◆ Required work ◆
Using the listing below, output only the lines from the one that contains "Unisex Suspenders" through the one that contains "Encarte de Catálogo", inclusive, exactly as given and without images.

◆ Extracted records ◆
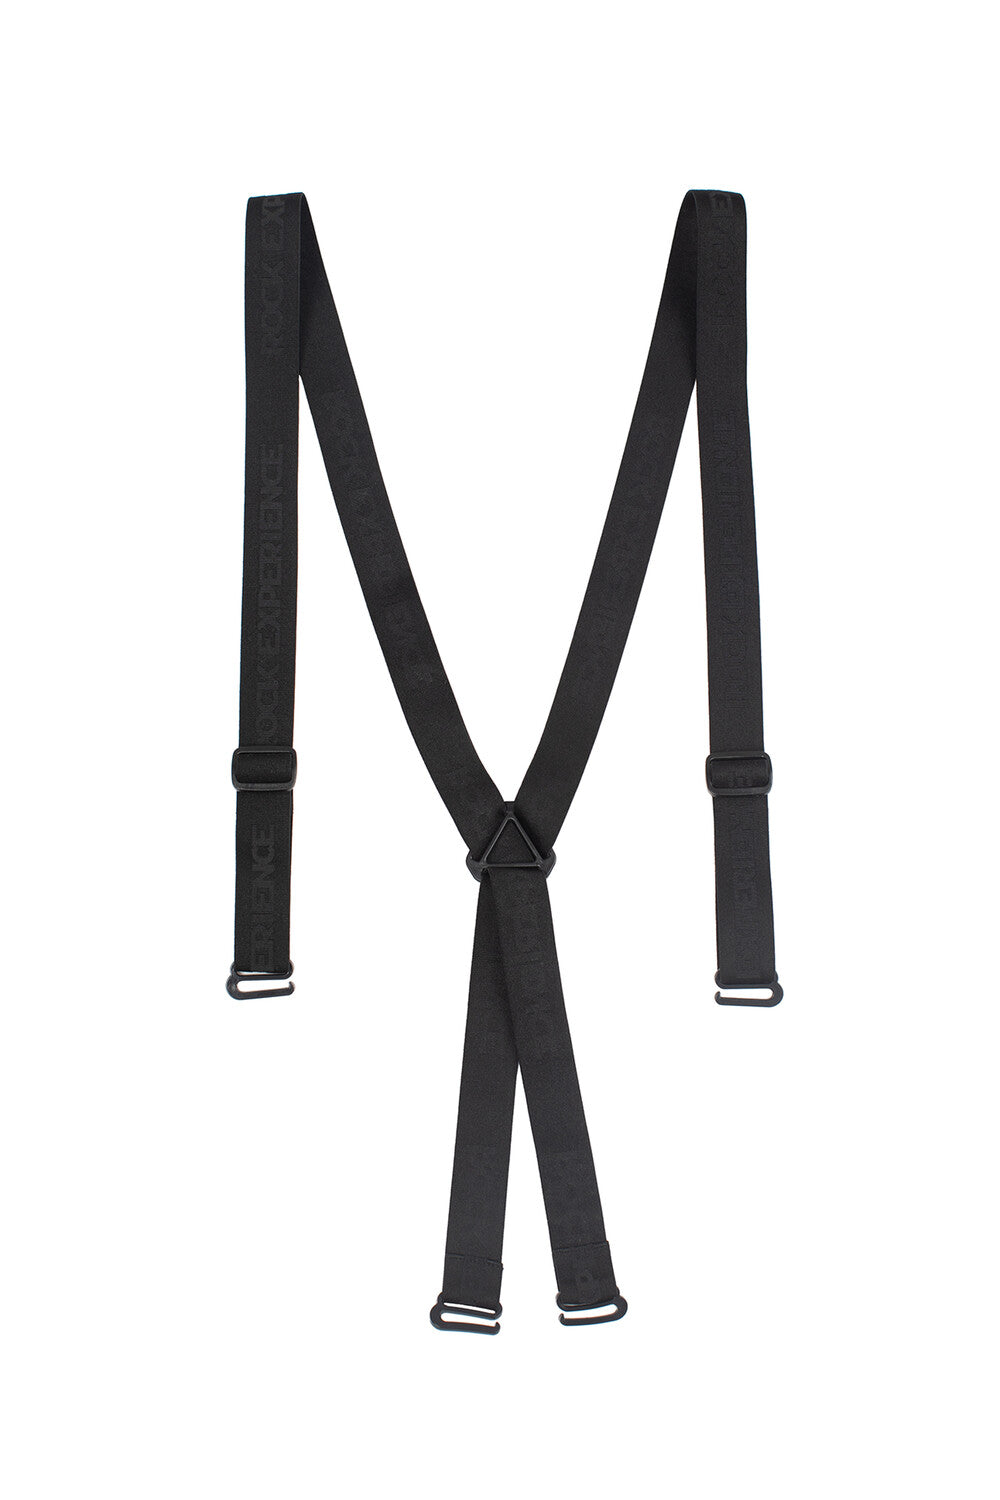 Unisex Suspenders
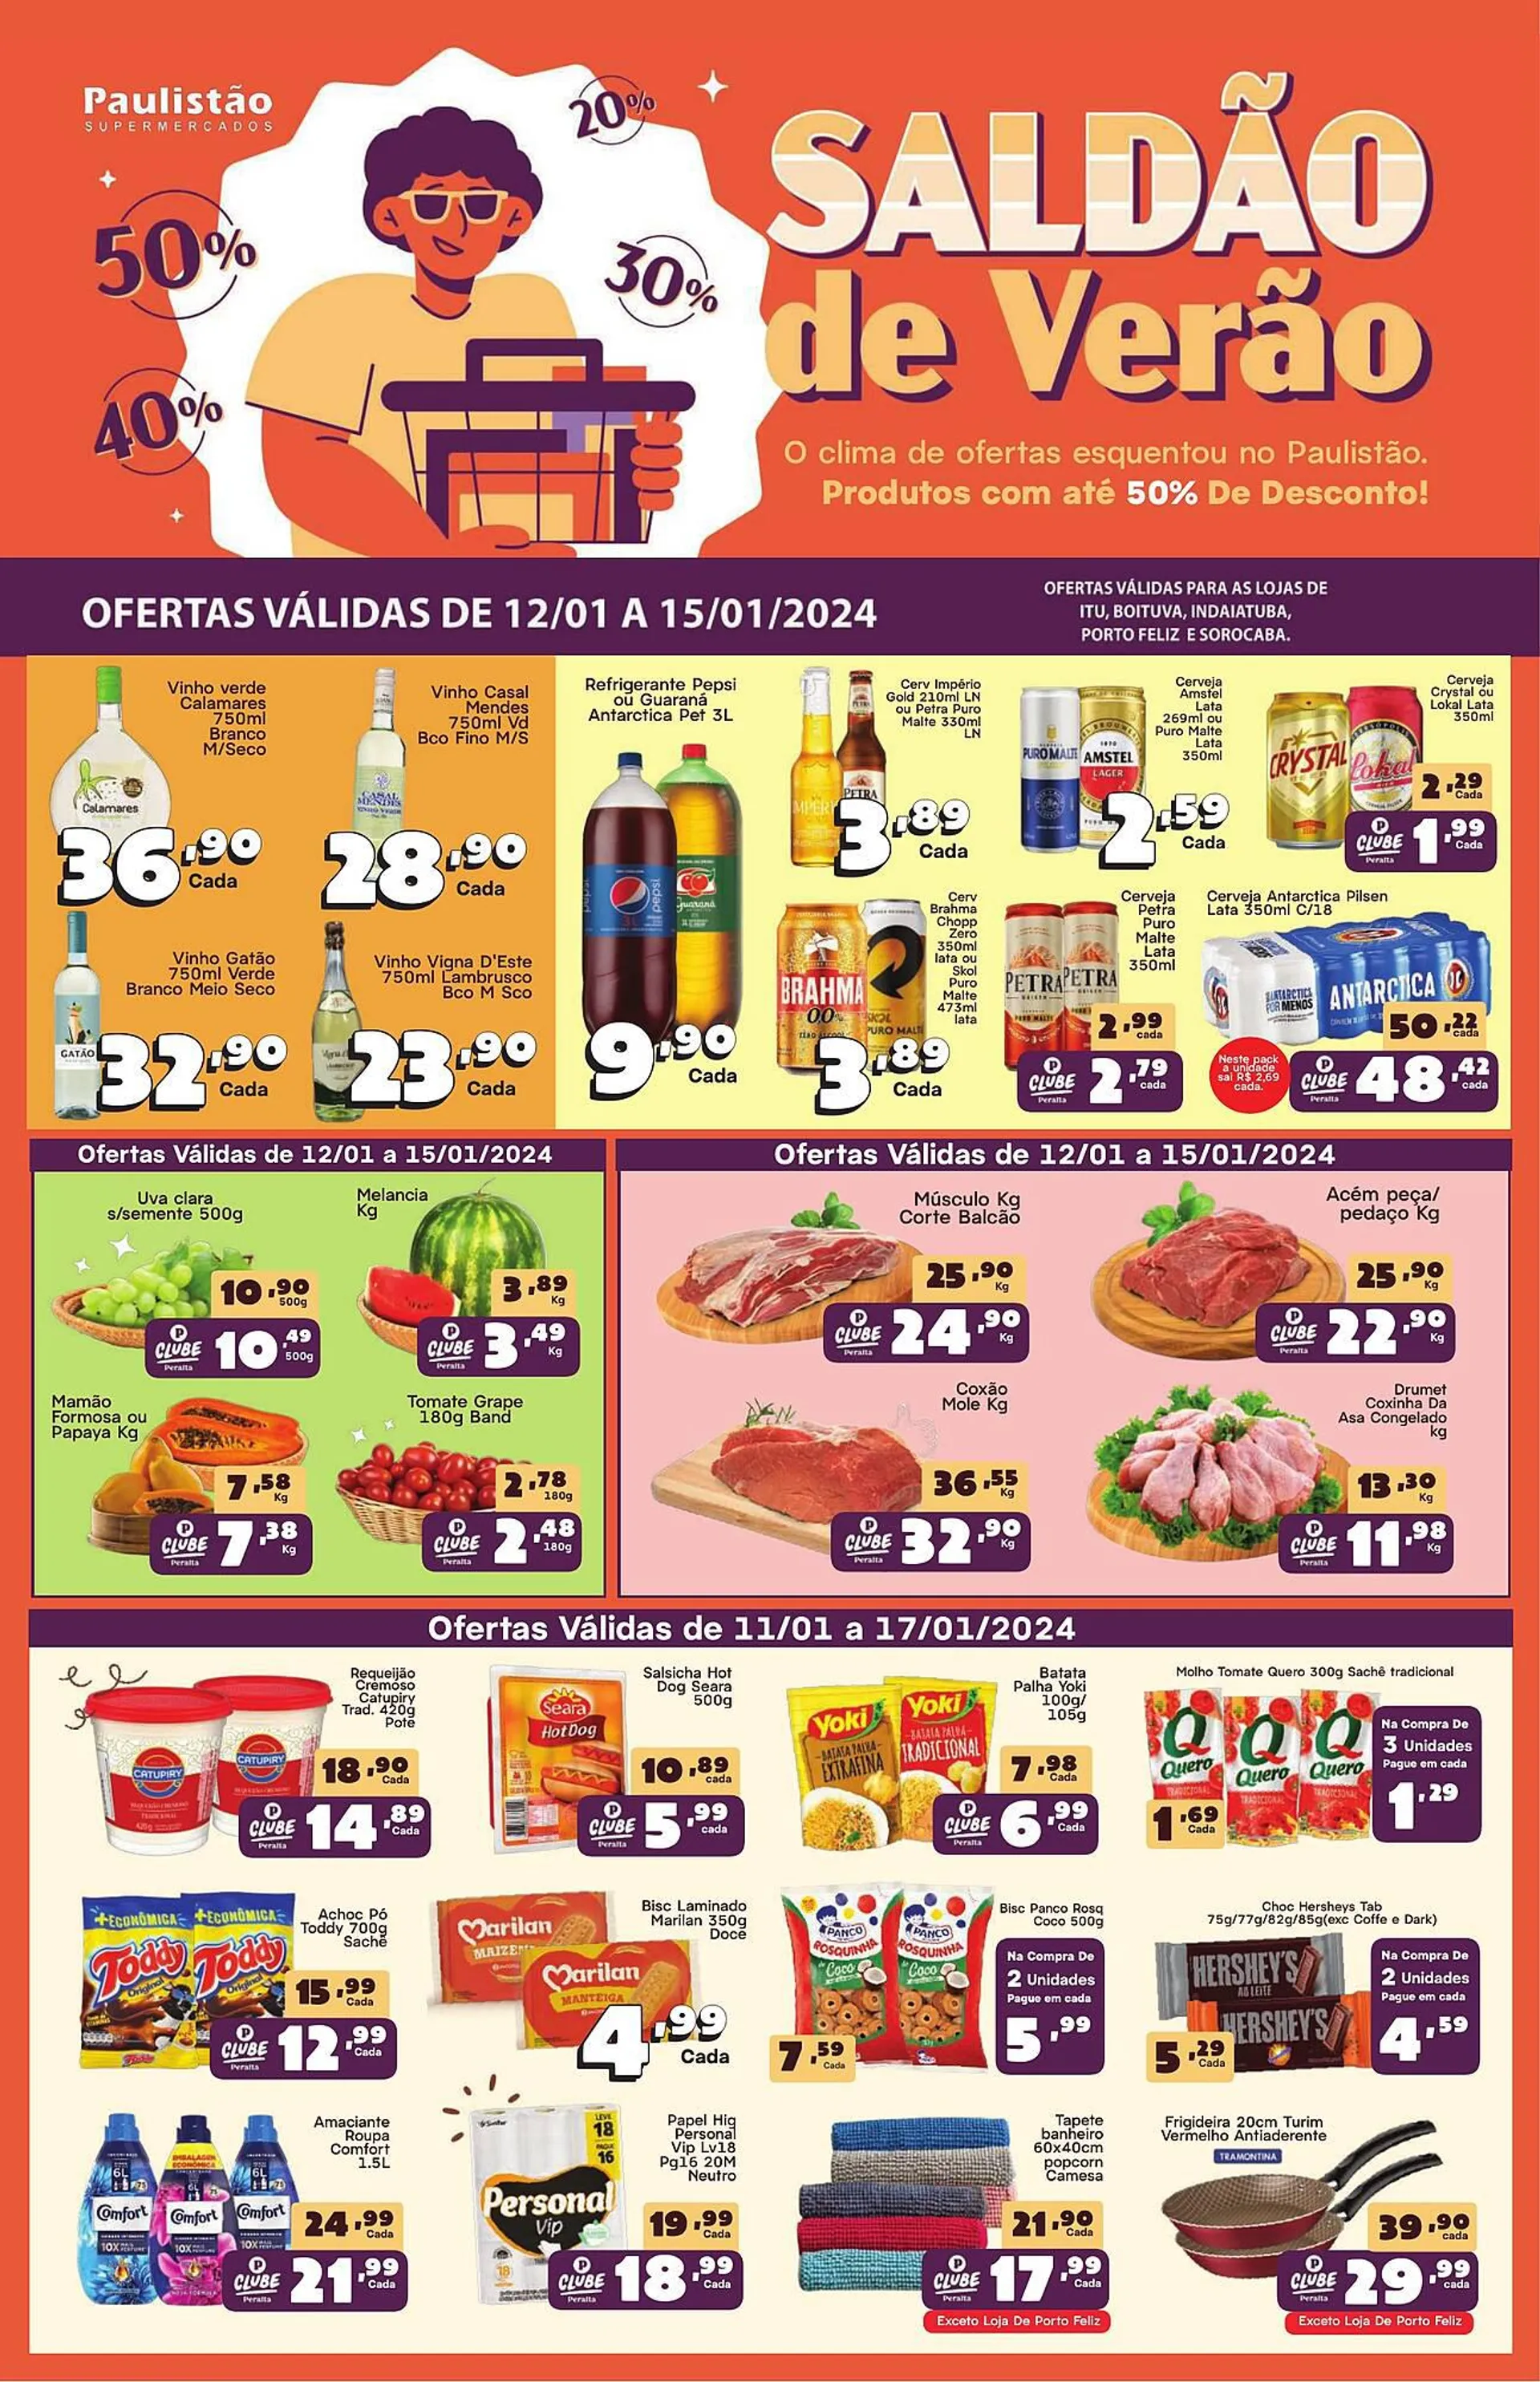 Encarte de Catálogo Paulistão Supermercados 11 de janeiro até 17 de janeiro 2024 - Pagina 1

* * *

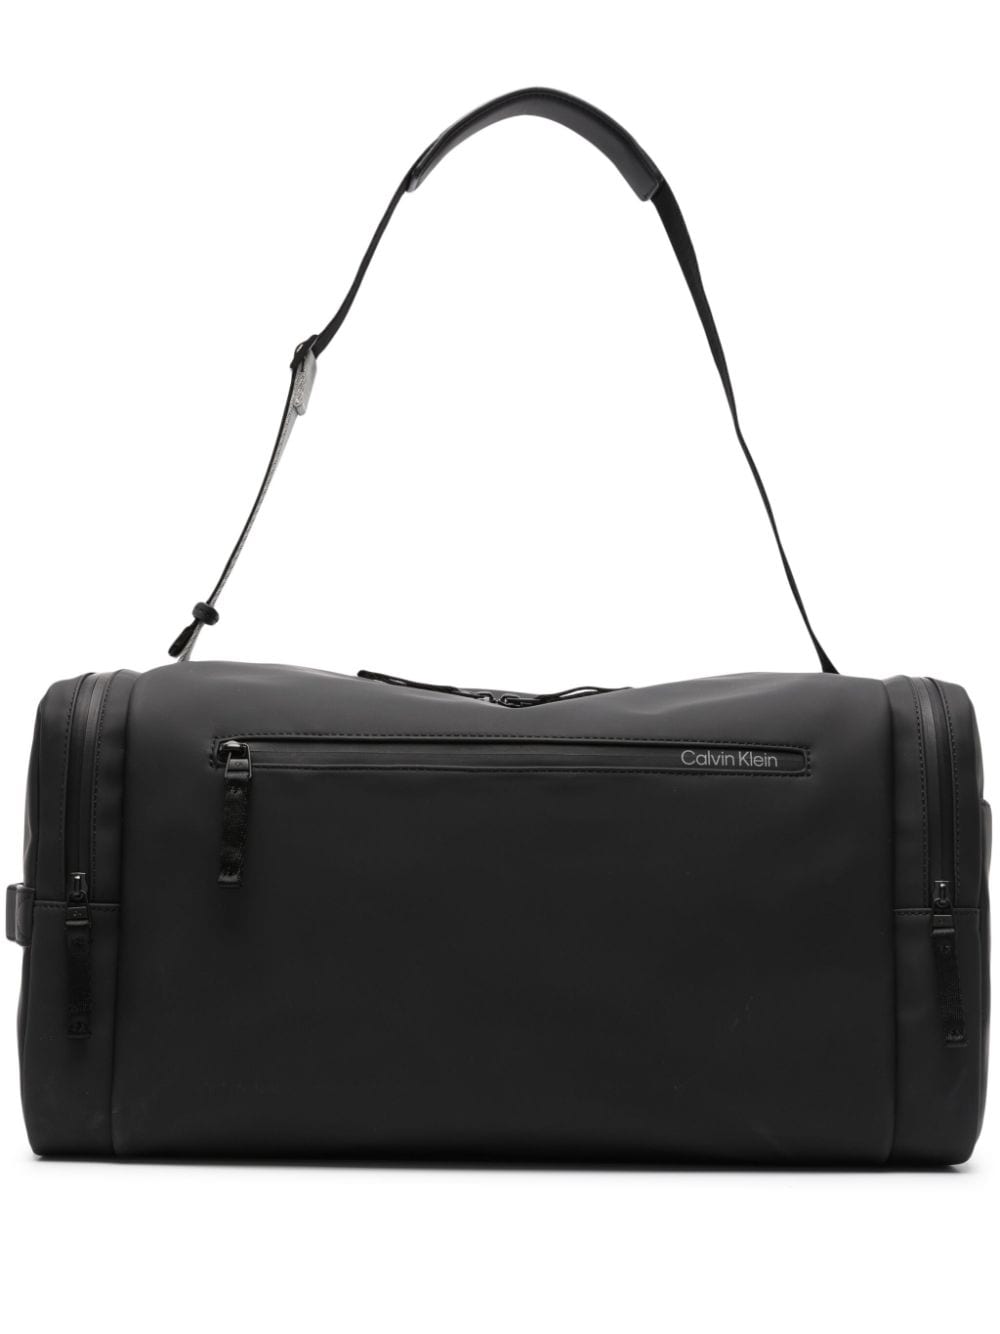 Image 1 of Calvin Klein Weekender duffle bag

◆ Exercise solution ◆
 Unisex Suspenders
 Encarte de Catálogo Paulistão Supermercados 11 de janeiro até 17 de janeiro 2024 - Pagina 1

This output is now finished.